O lipedema é uma condição crônica caracterizada pelo acúmulo desproporcional de gordura subcutânea em membros superiores e inferiores, poupando mãos, pés e tronco. Afeta cerca de 12,3% das mulheres brasileiras e é frequentemente confundido com obesidade ou linfedema, resultando em atrasos no diagnóstico.

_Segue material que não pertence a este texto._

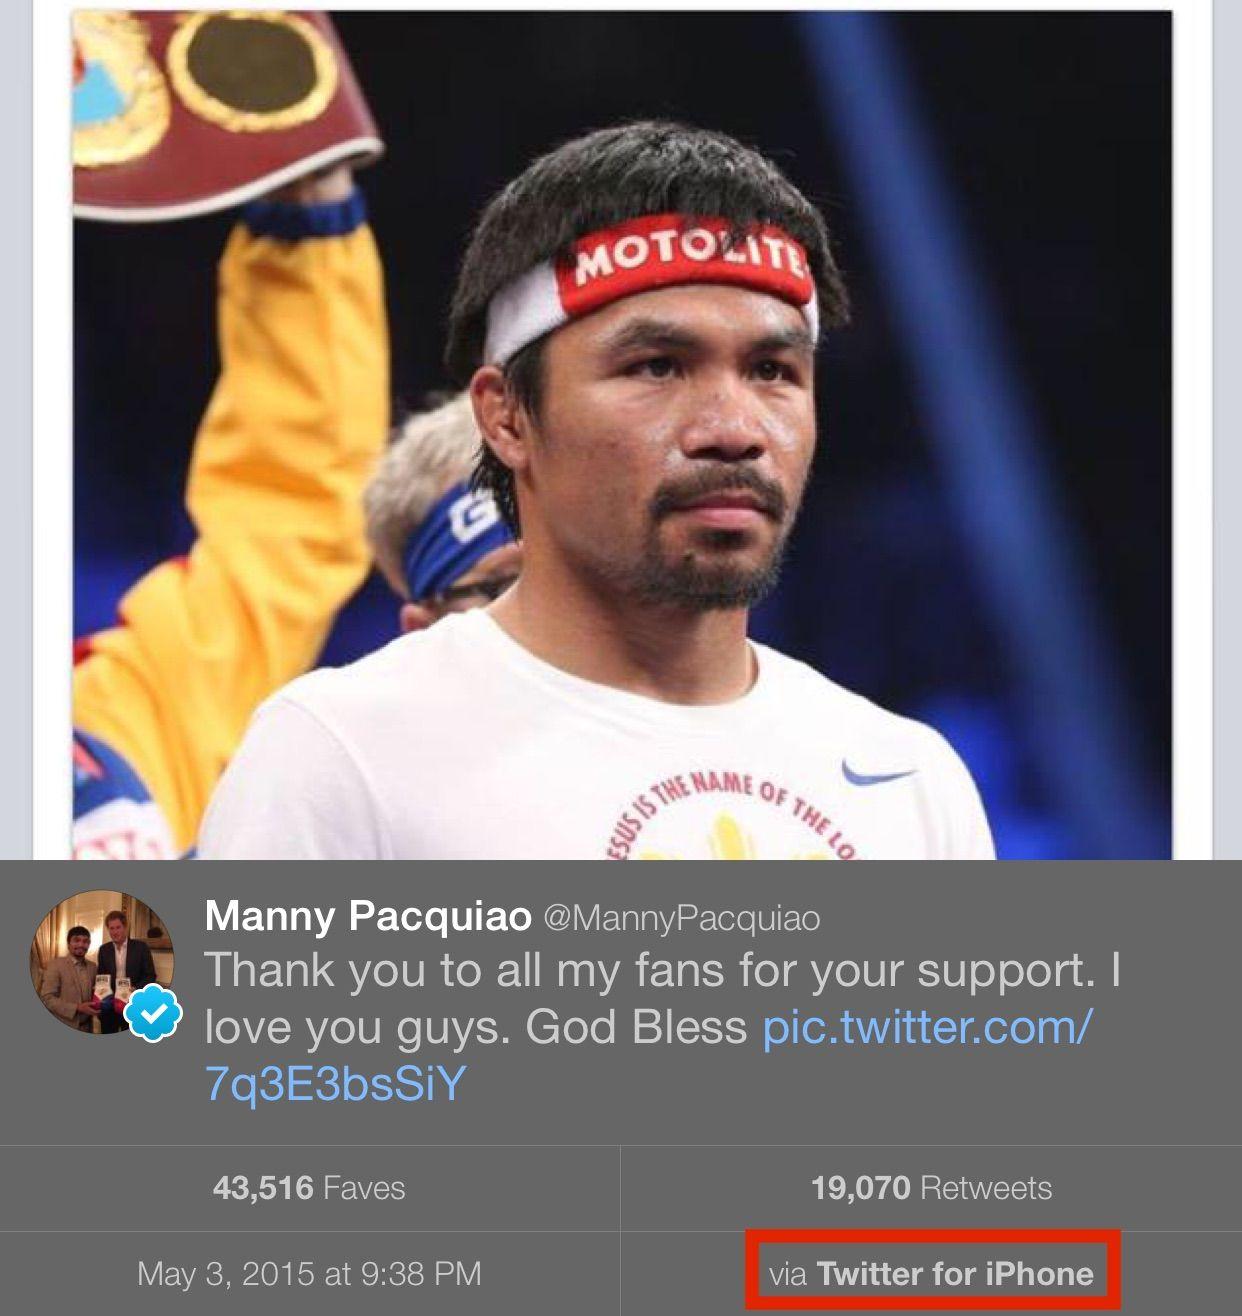 Manny Pacquiao Samsung Galaxy S6 1 - iDevice.ro

Recentemente, foi proposta a Classificação Ultrassonográfica da Derme e Hipoderme no Lipedema (LDHC), que identifica padrões qualitativos de alterações na pele e no tecido subcutâneo. Durante sua aplicação, foram observados nódulos dolorosos ecogênicos, não compatíveis com lipomas.
Relato de Caso
Paciente: mulher, 55 anos, com lipedema tipo II e IV, estágio funcional 3.
Sintomas: dor, fadiga, hematomas espontâneos, piora em períodos hormonais (gravidez, ciclo menstrual).
Histórico: flebectomias e safenectomia; sem comorbidades relevantes.
Exame físico: nódulos subcutâneos palpáveis e dolorosos em coxa e braço direitos.
Métodos
Avaliação ultrassonográfica (modo B e Doppler): identificados nódulos ecogênicos classificados como LDHC 3.
Comparação com controle saudável: a paciente apresentou maior espessura dermo-hipodérmica e índice de resistência (RI) aumentado nas artérias hipodérmicas, sugerindo pressão aumentada no compartimento subcutâneo.
Biópsia guiada por US: retirada de nódulos da coxa e braço para análise histológica.
Resultados
Macroscopia: nódulos avermelhados, sugerindo conteúdo sanguíneo.
Histologia:
focos de esteatonecrose (necrose de adipócitos),
hemorragia,
neoangiogênese imatura com vasos frágeis e tortuosos,
reação inflamatória discreta.
Esses achados confirmam correlação entre nódulos ultrassonográficos LDHC 3 e áreas de hipóxia, inflamação crônica e hemorragia no lipedema.
Discussão
O caso apoia a teoria de que o lipedema envolve “síndrome compartimental subclínica”, em que o aumento da gordura subcutânea gera pressão, reduz oxigenação, leva à necrose gordurosa e formação de vasos frágeis, predispostos a sangramentos e inflamação.
Isso explicaria sintomas clássicos como dor crônica e hematomas espontâneos.
A LDHC pode funcionar como uma “biópsia virtual”, reduzindo a necessidade de procedimentos invasivos.
Conclusão
O estudo reforça a influência genética e hormonal (particularmente estrogênica) no lipedema.
A classificação LDHC associada ao Doppler pode se tornar ferramenta diagnóstica, terapêutica e de acompanhamento.
Os nódulos dolorosos LDHC 3 diferenciam lipedema de obesidade, lipomas e linfedema.
É necessário ampliar os estudos para confirmar o valor clínico e prognóstico desses achados.